Another example is a phase II trial that evaluated hyper-CVAD (hyperfractionated cyclophosphamide, vincristine, doxorubicin, and dexamethasone) with blinatumomab and InO in patients with newly diagnosed Ph-negative B-cell ALL. Among the 69 patients enrolled, 31 received the triplet regimen including InO, with a 15-month OS rate of 100% compared to 87% in the non-InO group. No treatment discontinuations due to InO-related toxicities occurred, and no cases of sinusoidal obstruction syndrome/veno-occlusive disease (SOS/VOD) were observed. These findings suggest that adding InO to hyper-CVAD and sequential blinatumomab is safe and may improve survival in patients with newly diagnosed Ph-negative B-cell ALL [153,154].

Polatuzumab vedotin

Pola, an ADC targeting CD79b, has been utilized to address the limitations of the R-CHOP (Rituximab, Cyclophosphamide, Doxorubicin, Vincristine, and Prednisone) regimen by aiming to improve safety and efficacy.

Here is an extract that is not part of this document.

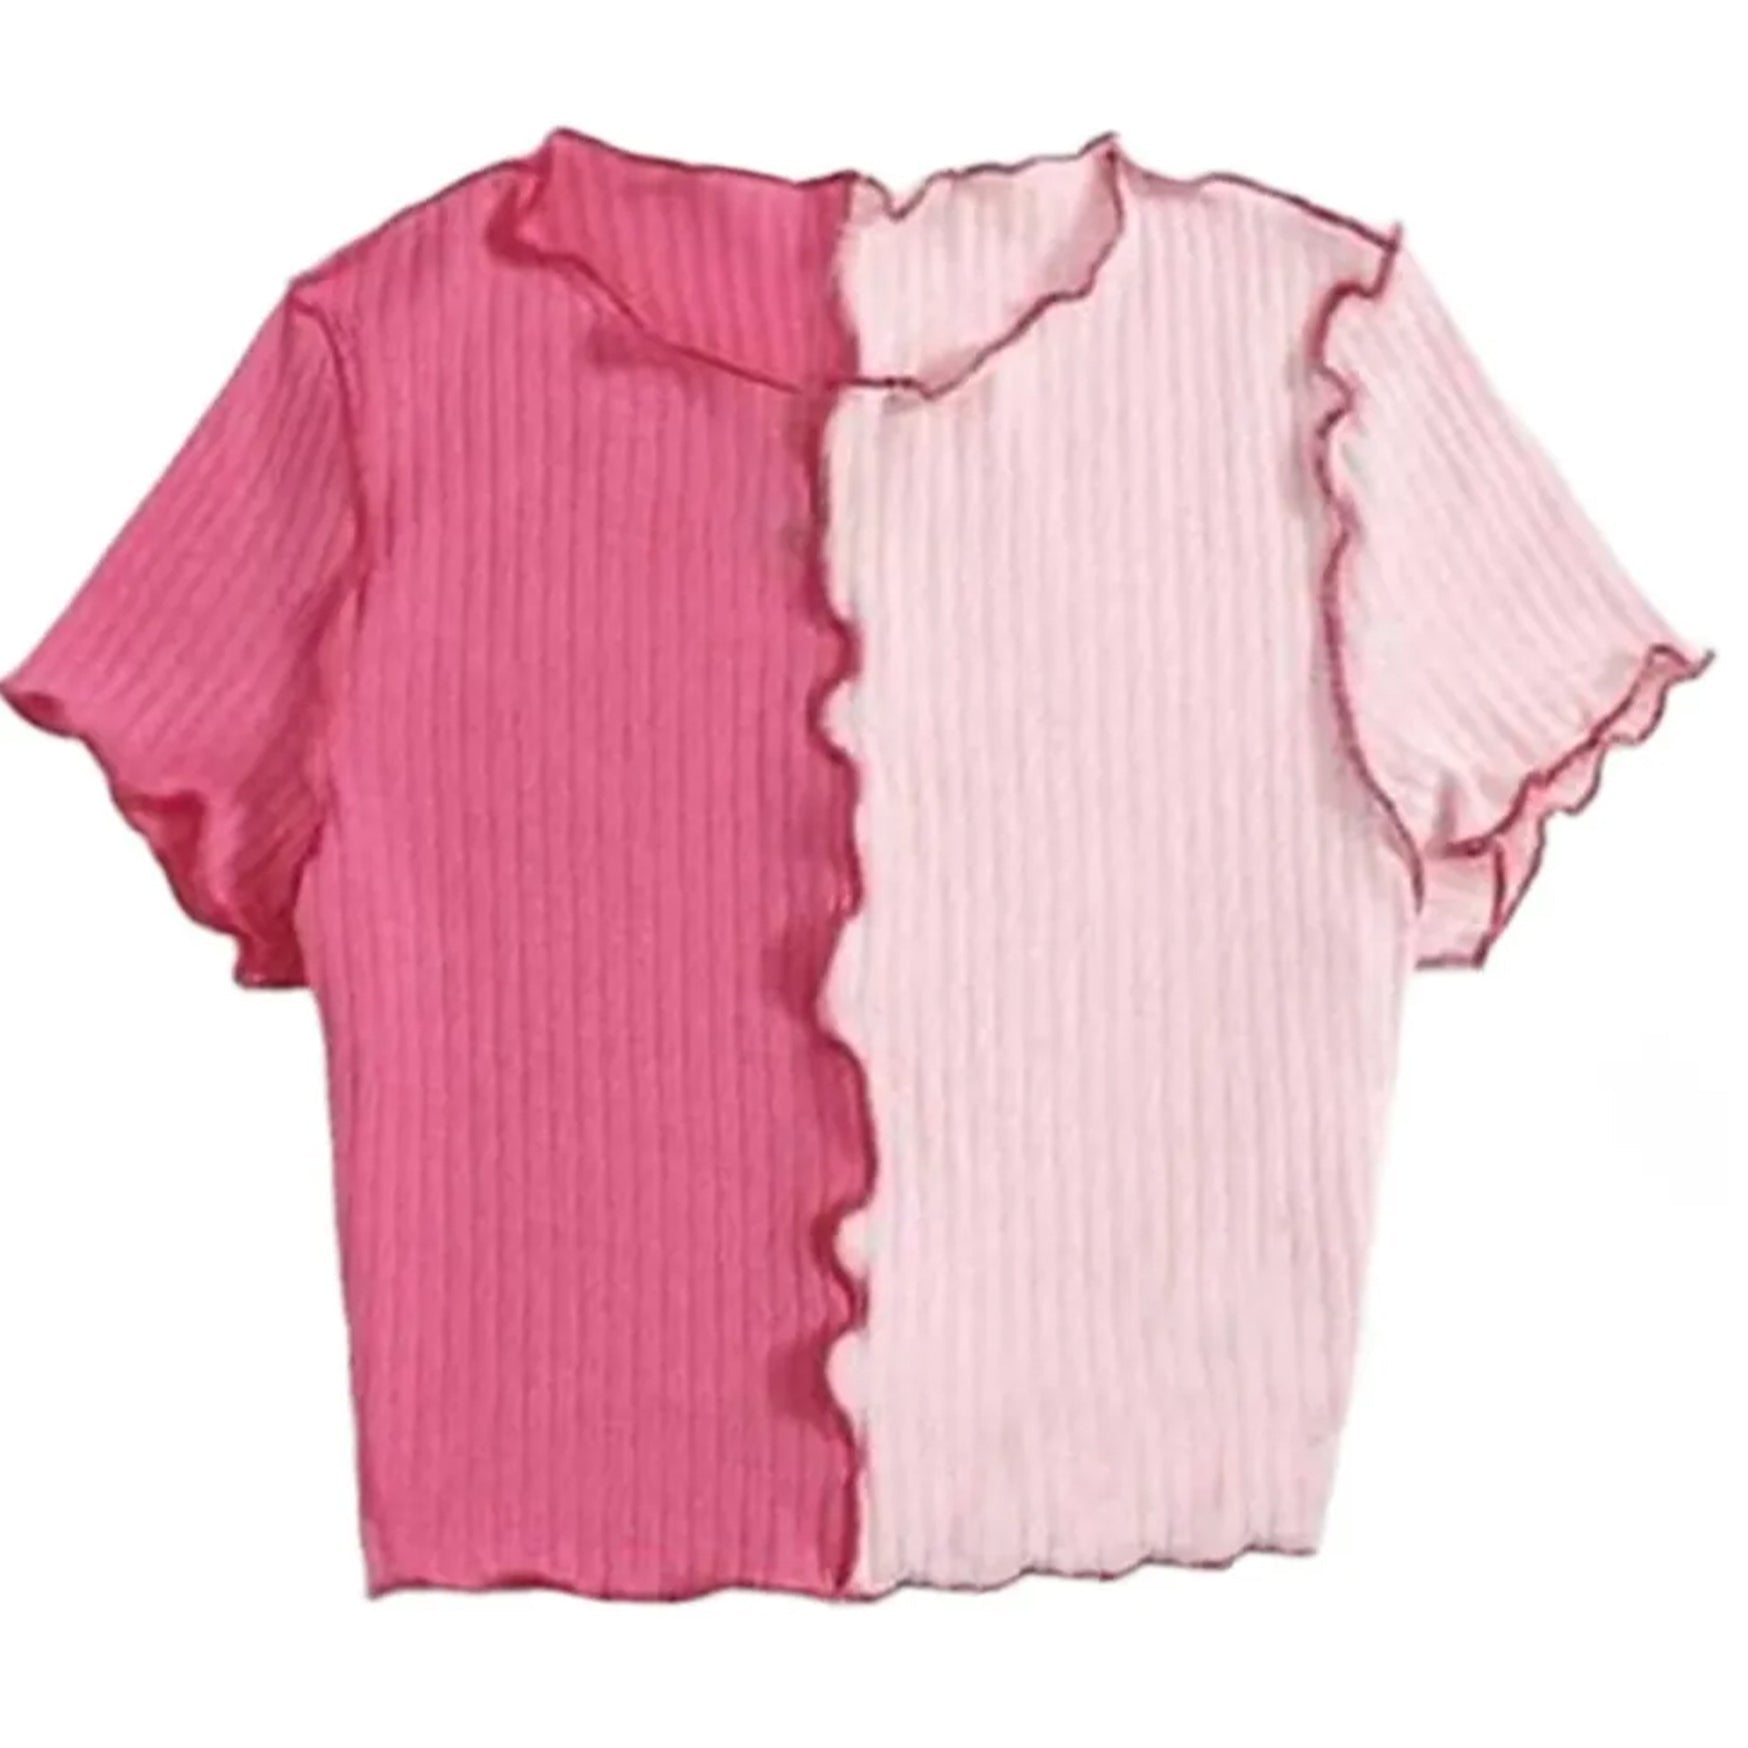 Khhalisi Rib Pink Crop Tops for Womens (S)

On 19 April 2023, FDA approved the Pola-R-CHP (Polatuzumab vedotin, Rituximab, Cyclophosphamide, Doxorubicin Hydrochloride, Prednisone) regimen as a first-line treatment for previously untreated DLBCL or high-grade B-cell lymphoma (HGBL), based on the results of the phase III POLARIX trial. This approval was driven by a significant improvement in PFS compared to standard R-CHOP therapy. The phase III POLARIX trial, which evaluated the Pola-R-CHP regimen, established it as a new standard of care. In the final analysis as of 5 July 2024, the 5-year PFS rate for the Pola-R-CHP group were 64.2% in the global ITT population (n = 879) and 63.1% in the expanded population (n = 1000), compared to 59.1% in both populations for the R-CHOP group, demonstrating a meaningful improvement. Consequently, there has been growing interest in exploring Pola-based combination therapies for high-risk subtypes of DLBCL and R/R patient populations [155,156].

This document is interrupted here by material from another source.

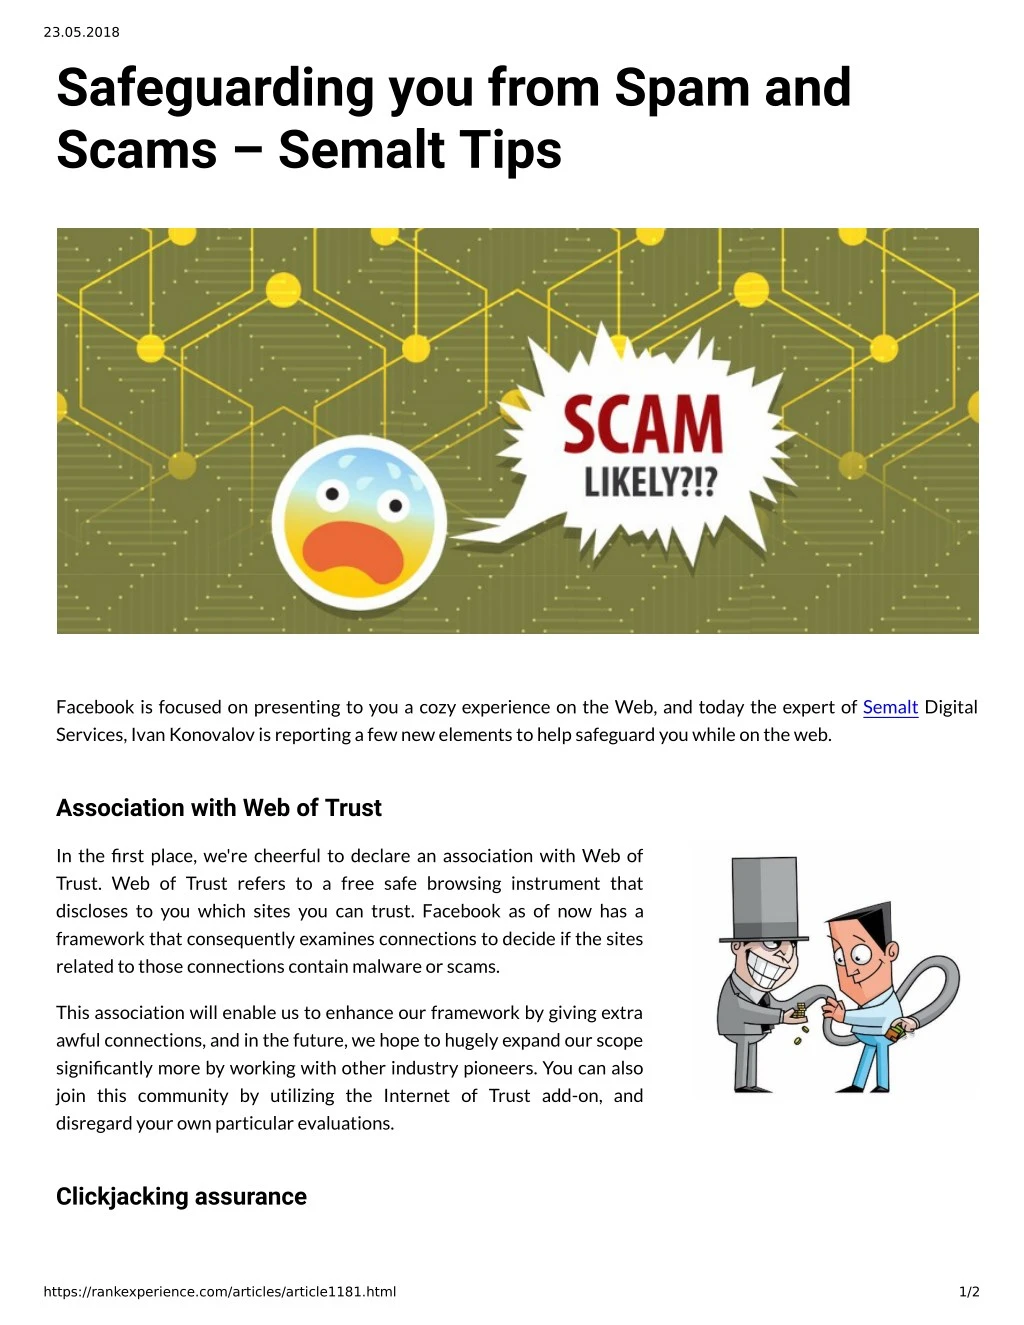 23 05 2018 safeguarding you from spam and scams

Additionally, while the POLARIX study showed Pola was more effective than vincristine in R-CHOP, its safe integration into intensified regimens like DA-EPOCH-R for high-risk lymphoma subtypes remained unclear. To explore this, a phase I study replaced vincristine with Pola in the DA-EPOCH-R regimen, resulting in the Pola-DA-EPCH-R combination. The primary objective was to assess safety based on DLTs during the first two cycles; 3 of 18 patients experienced DLTs, meeting the predefined safety threshold. Replacing vincristine with Pola did not impair dose escalation and was feasible in subtypes requiring intensified therapy and Pola’s benefits. It also reduced peripheral neuropathy while maintaining efficacy, broadening Pola’s applicability in aggressive large B-cell lymphomas [157].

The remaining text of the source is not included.